Figure 8: Comparison of latency for the different synthesized versions
Figure 9 shows a timeline of the project with the various design flows. The traditional HDL design flow took almost two months to get the first validated hardware; where four weeks were spent in the initial design and coding in Verilog, two weeks for architectural refinements and optimization and another two weeks for testing and validation. The traditional HLS flow, without SLX FPGA, took almost three weeks, where most of the time was spent in architectural exploration and optimization. With SLX, we were able to get through the whole cycle in less than a week. Most importantly, specification updates can be implemented much faster with the SLX flow than in HDL or even the traditional HLS flow.

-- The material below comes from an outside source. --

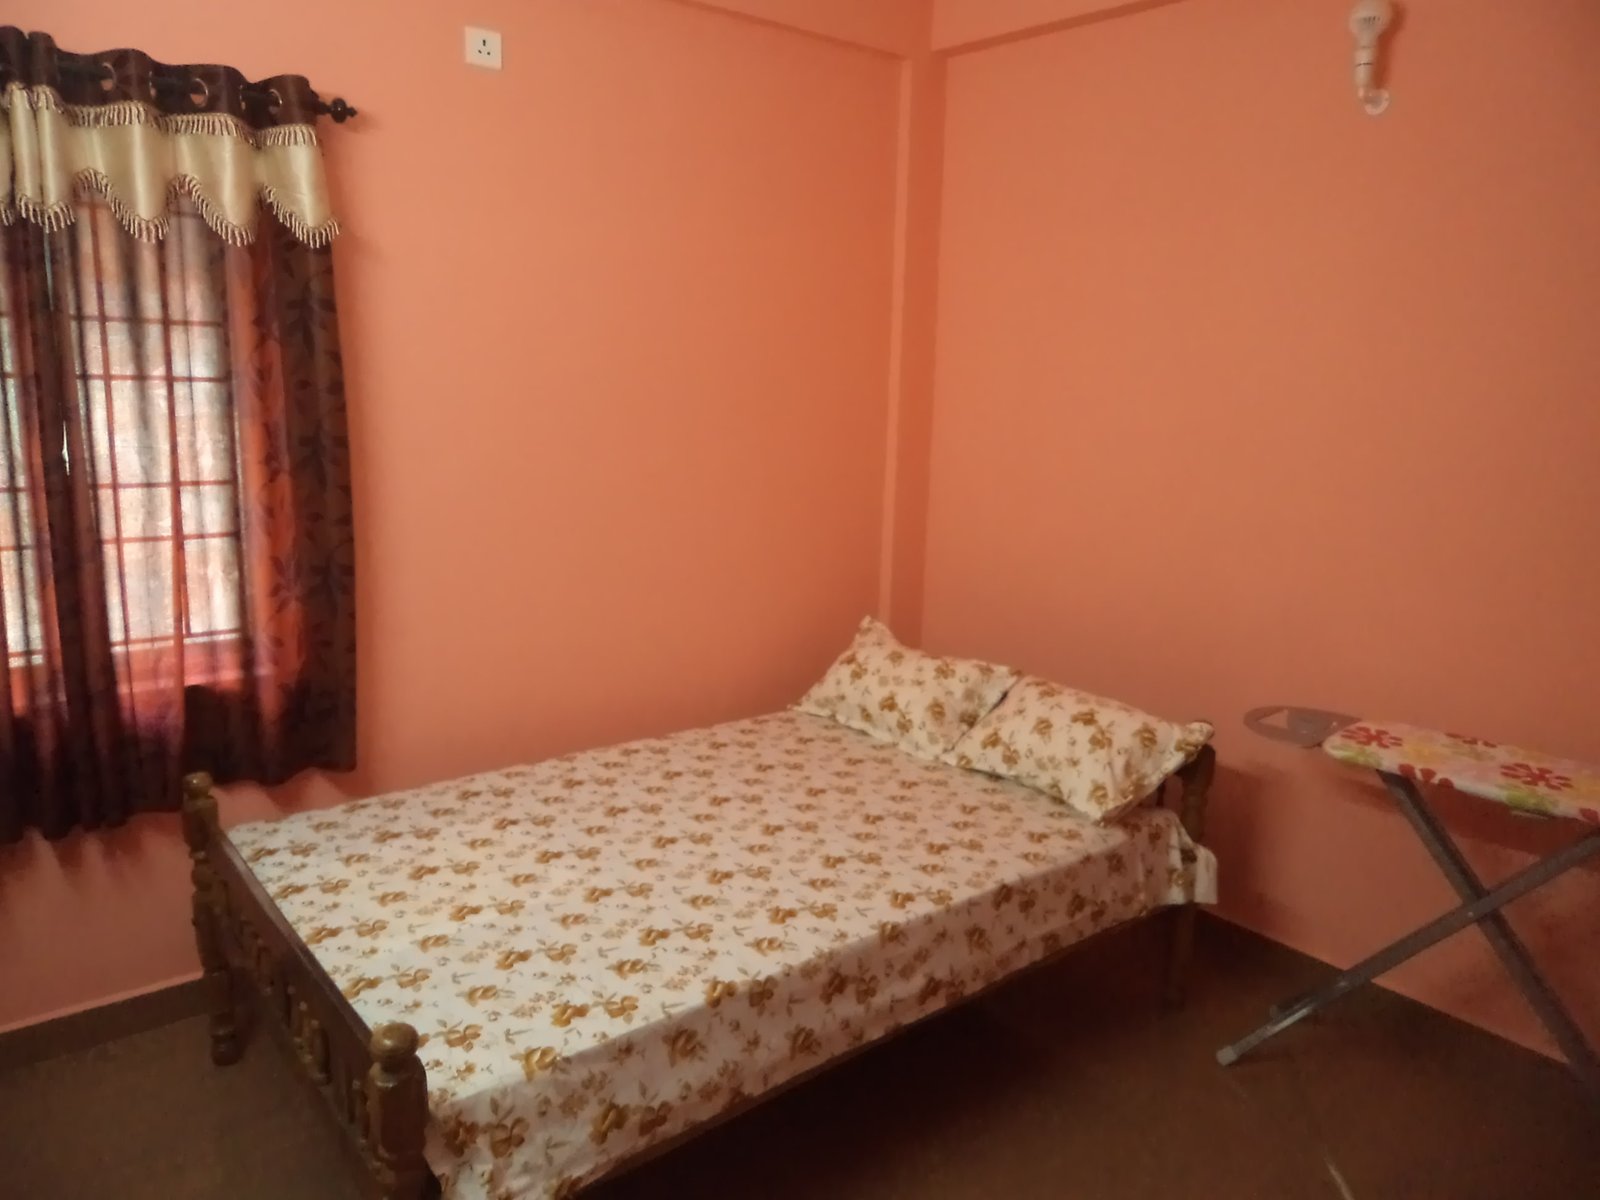 3 bedroom furnished apartment for one month rent in kottayam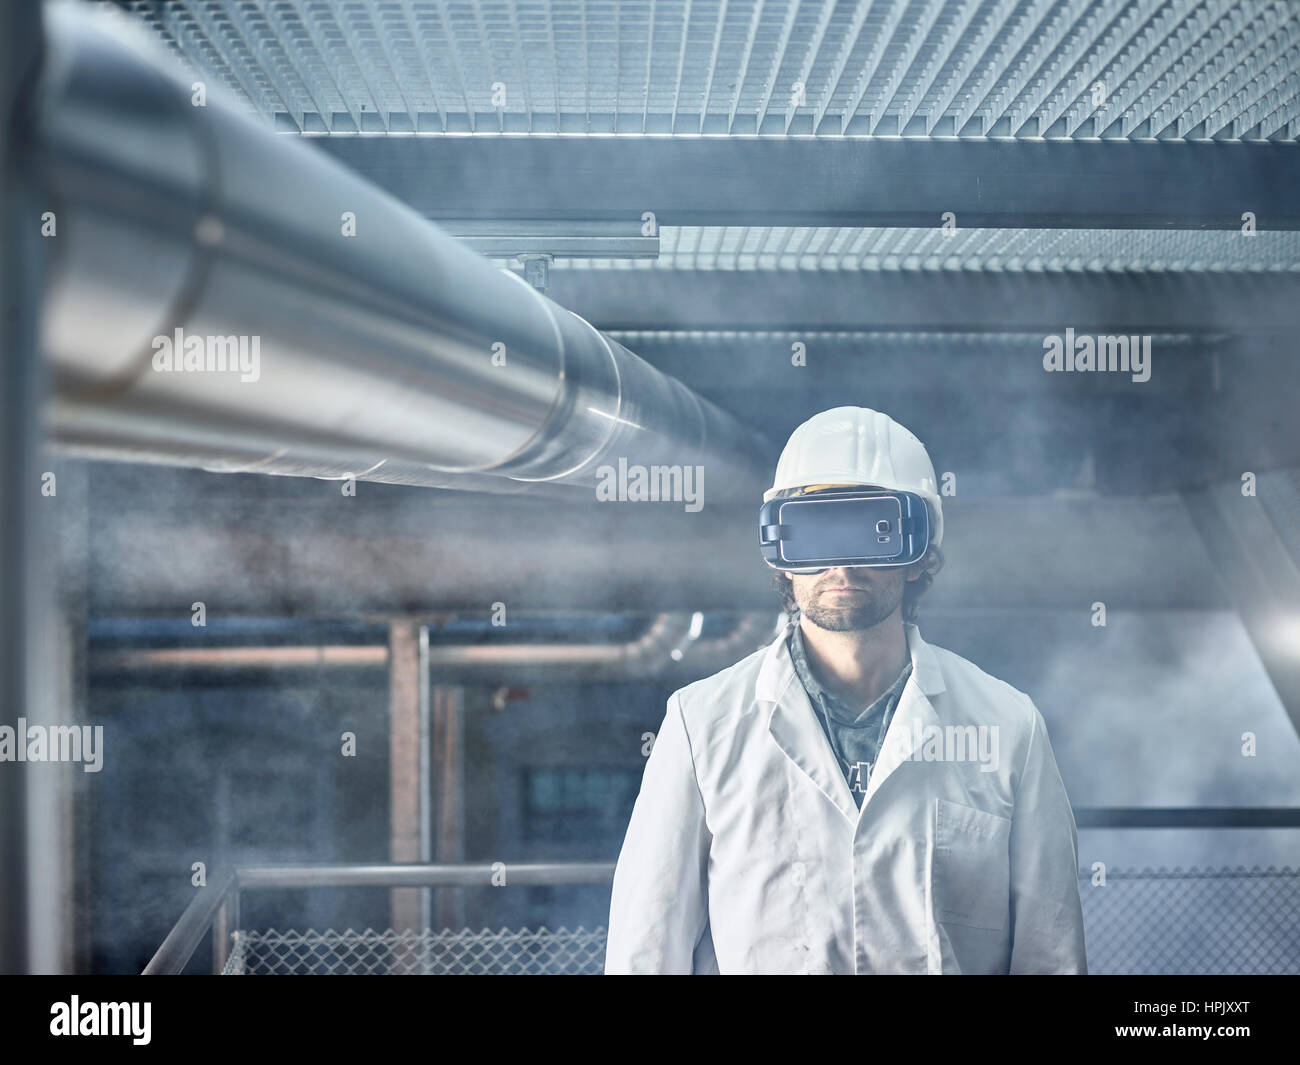 Man with VR goggles, white helmet and lab coat standing in front of industrial plant, Austria Stock Photo

Figure 9: Project timelines comparing different development flows
We used SLX FPGA as an analysis tool to drive our code refactoring effort to optimize an industrial image processing application. We then used SLX FPGA to automatically explore the design space and find the optimal pragmas and pragma settings to minimize latency while staying within our resource utilization constraints. The results are compared to a handwritten HDL implementation. By using SLX FPGA and Vivado HLS, we were able to beat the performance of our HDL, with a speed-up of 64%. The real benefit is that it took us only one week to implement, optimize, and validate the C application. The flow not only yielded better results in a fraction of the time, but it is also far less impacted by last-minute changes to the algorithm when compared to the HDL flow.
*1 SLX version 2020.2 is used for the results presented in this paper.